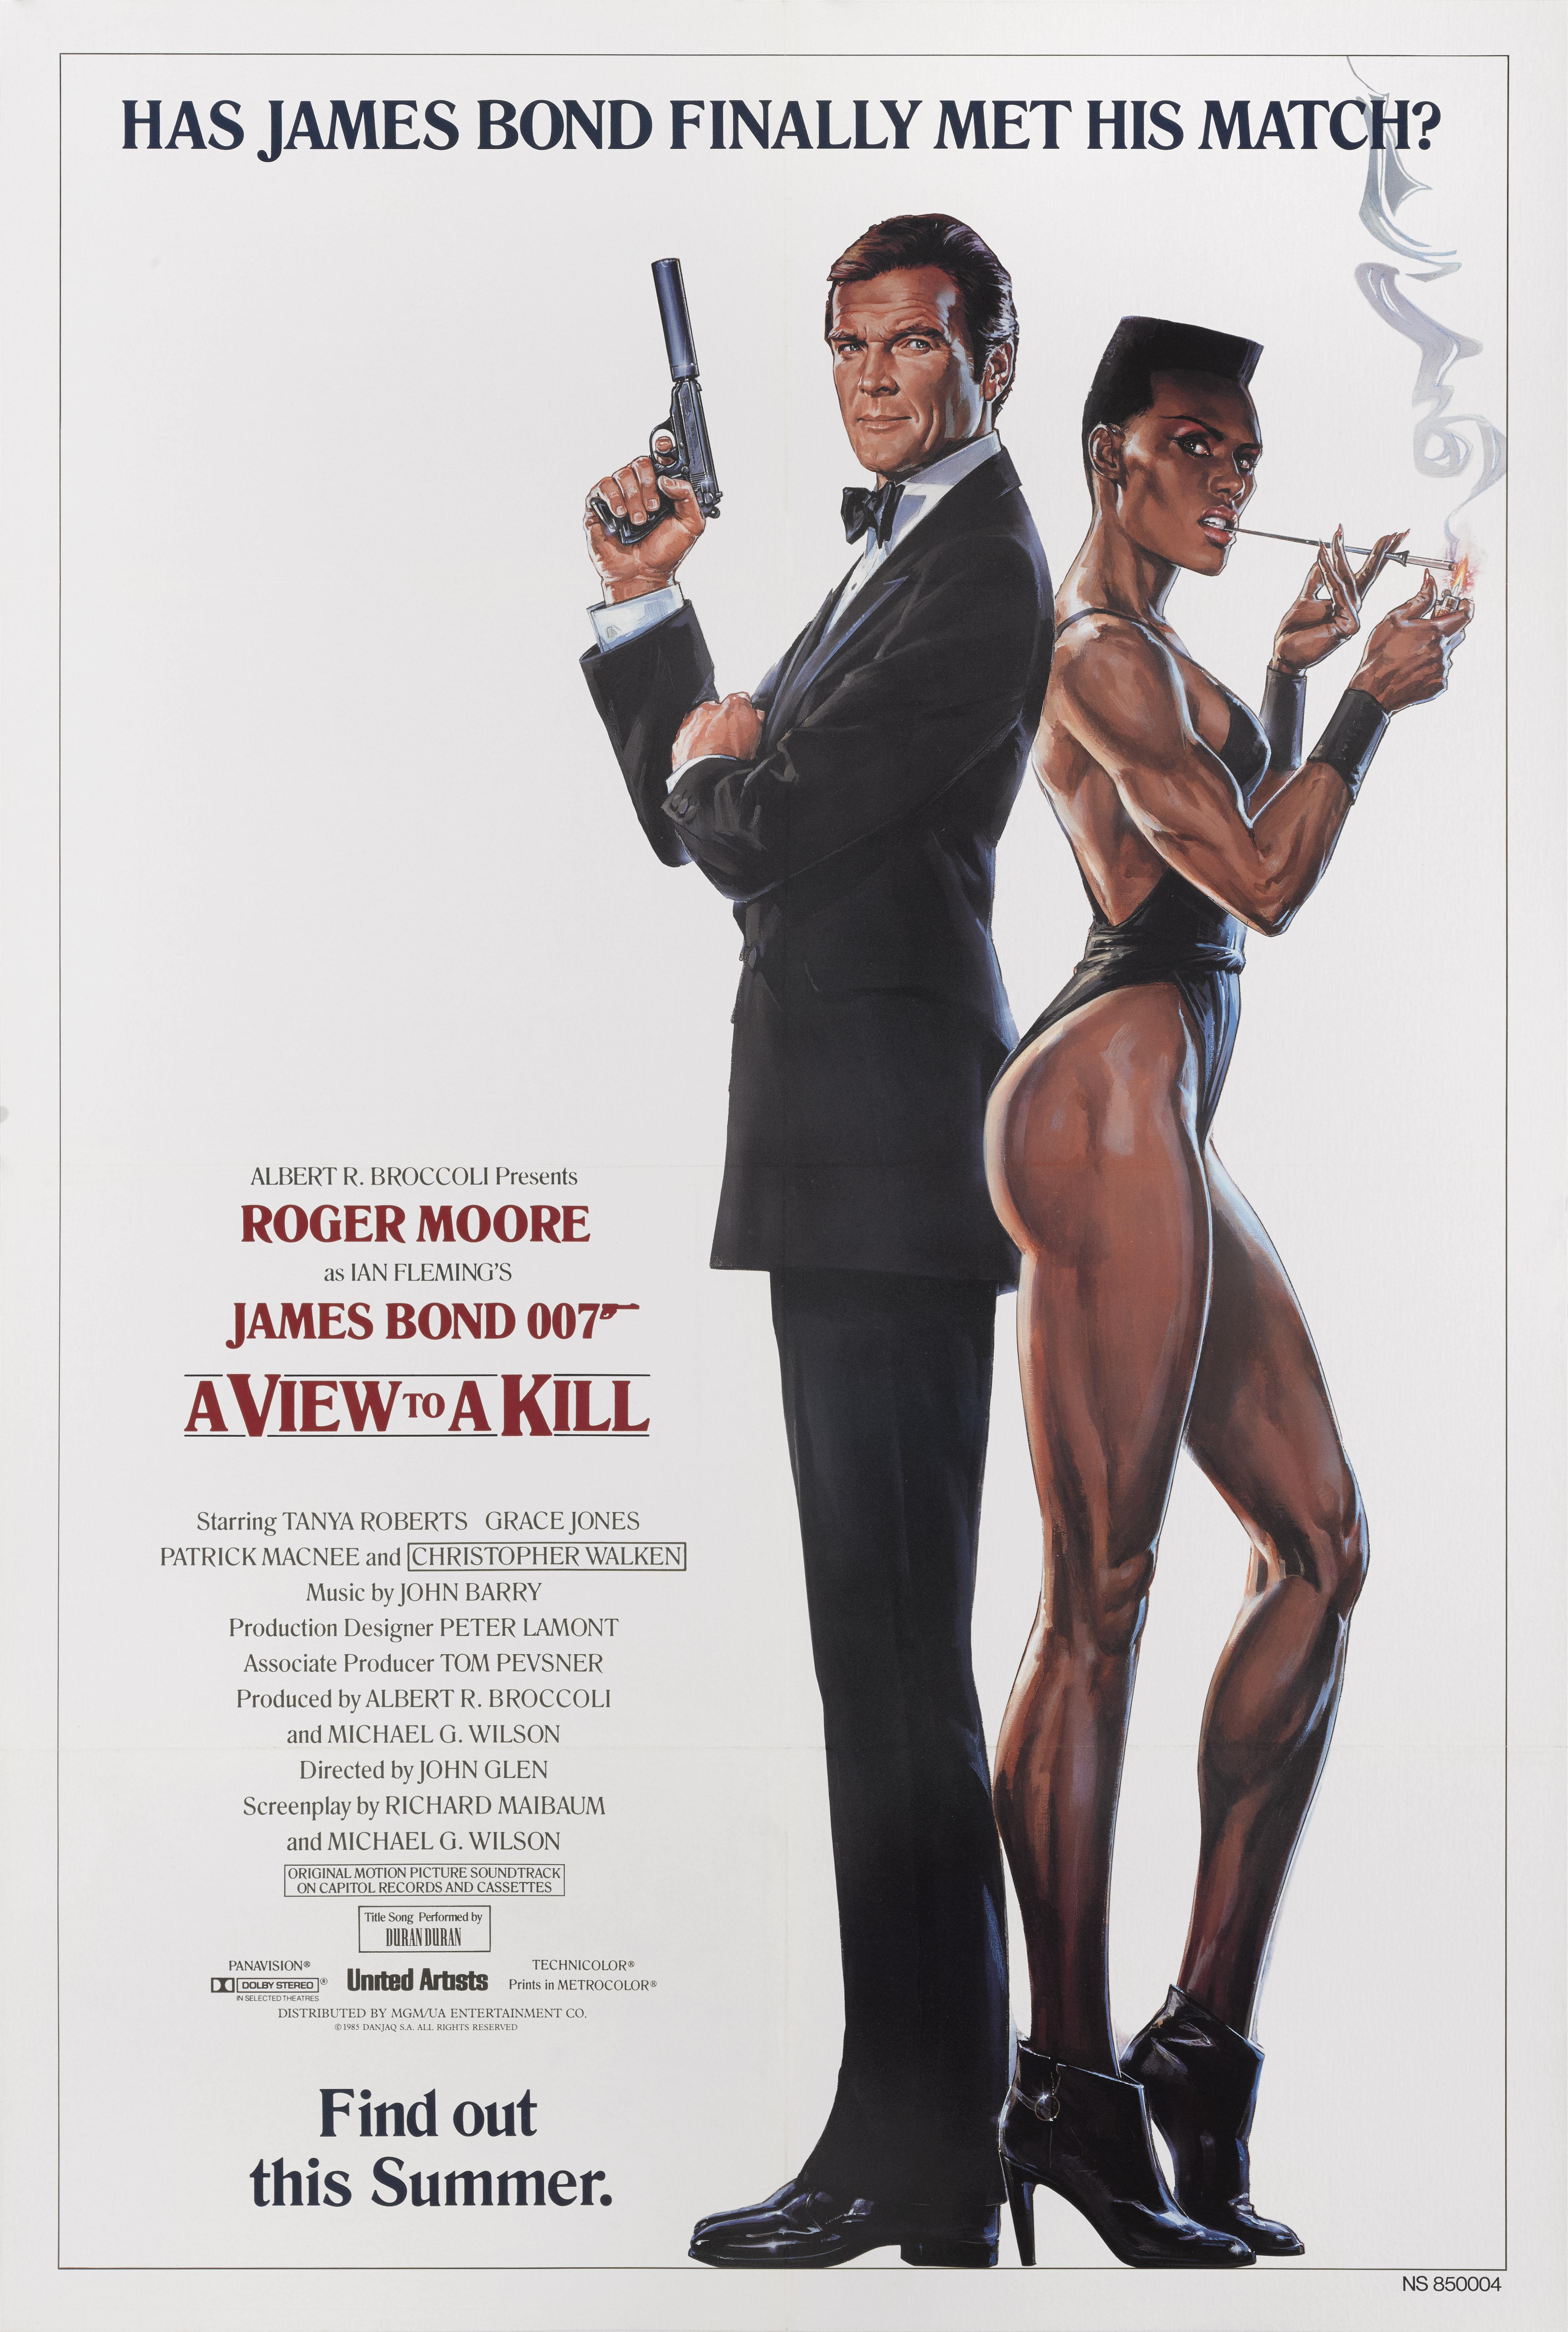 Original US Advance White Style Filmplakat für Roger Moore und Grace Jones 1985 Bond Film.
Die Regie bei diesem Film führte John Glen.
Dieses Plakat ist die Erhaltung Leinen zurück Es wäre in einem starken Rohr gerollt und versendet von Federal

What you have to do: Using the material above, reproduce exactly the line that contains "Die Regie bei diesem Film führte John Glen." and all lines after it through the last one, and only those.

Task answer:
Die Regie bei diesem Film führte John Glen.
Dieses Plakat ist die Erhaltung Leinen zurück Es wäre in einem starken Rohr gerollt und versendet von Federal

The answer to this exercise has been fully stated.